# coral



## joe2011 (Jul 6, 2011)

i live in fla an there is rock laying every were an id like to use some a base rock in the tank i am working . its not live rock . so what i am asking is there way to clean it so i can use it in my tank ?


----------



## Pigeonfish (Jun 23, 2011)

It's illegal to harvest live Florida coral.

What do you mean by coral? You say it isn't live rock, your post is not clear.

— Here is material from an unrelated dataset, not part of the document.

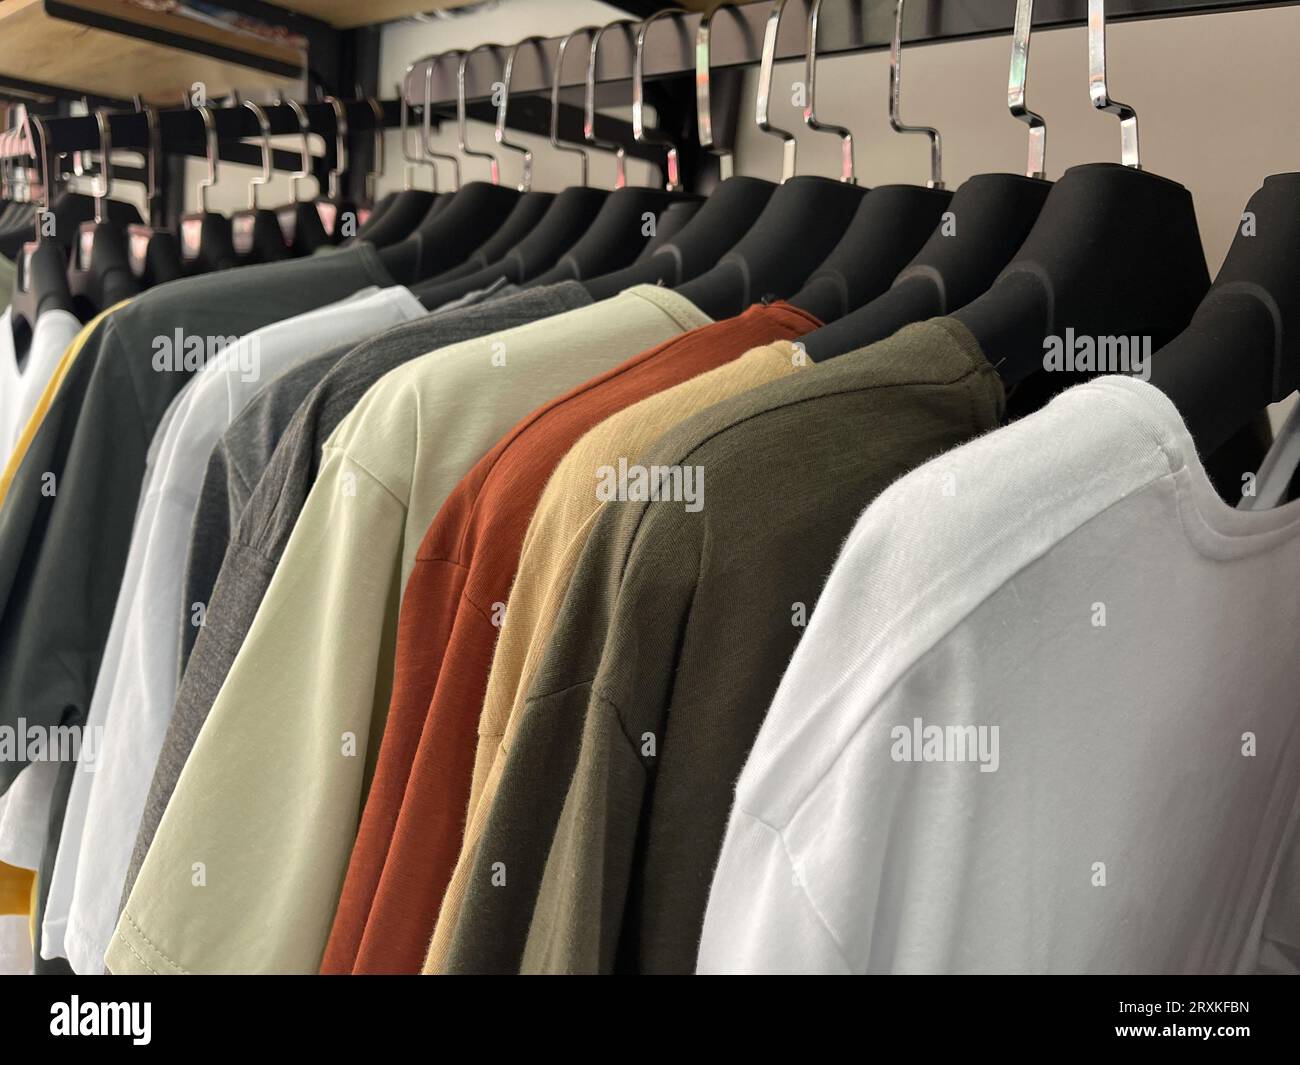 T-shirt hanging on hangers in the clothing store Stock Photo

If it's any old rock you can probably boil it to clean it.


----------



## joe2011 (Jul 6, 2011)

if i go out in my yard . i have a pile of rock from diging a hole in the yard . i guess not called coral . rock looks like live rock just dryed out


----------



## Pigeonfish (Jun 23, 2011)

Its probably limestone... I'd say no to putting it in a freshwater tank. Not sure about a saltwater tank.


----------



## joe2011 (Jul 6, 2011)

its a saltwater tank. have two freshwater tanks trying some thing new lol well maybe 3 freshwater tanks


----------



## Pigeonfish (Jun 23, 2011)

I've never worked with saltwater tanks. By the way you described the rock looking like dried up coral it's most likely limestone. Limestone breaks down in water and will raise your water hardness aka mess with your pH. Whether that is fine for a saltwater tank or not... I have no clue.


----------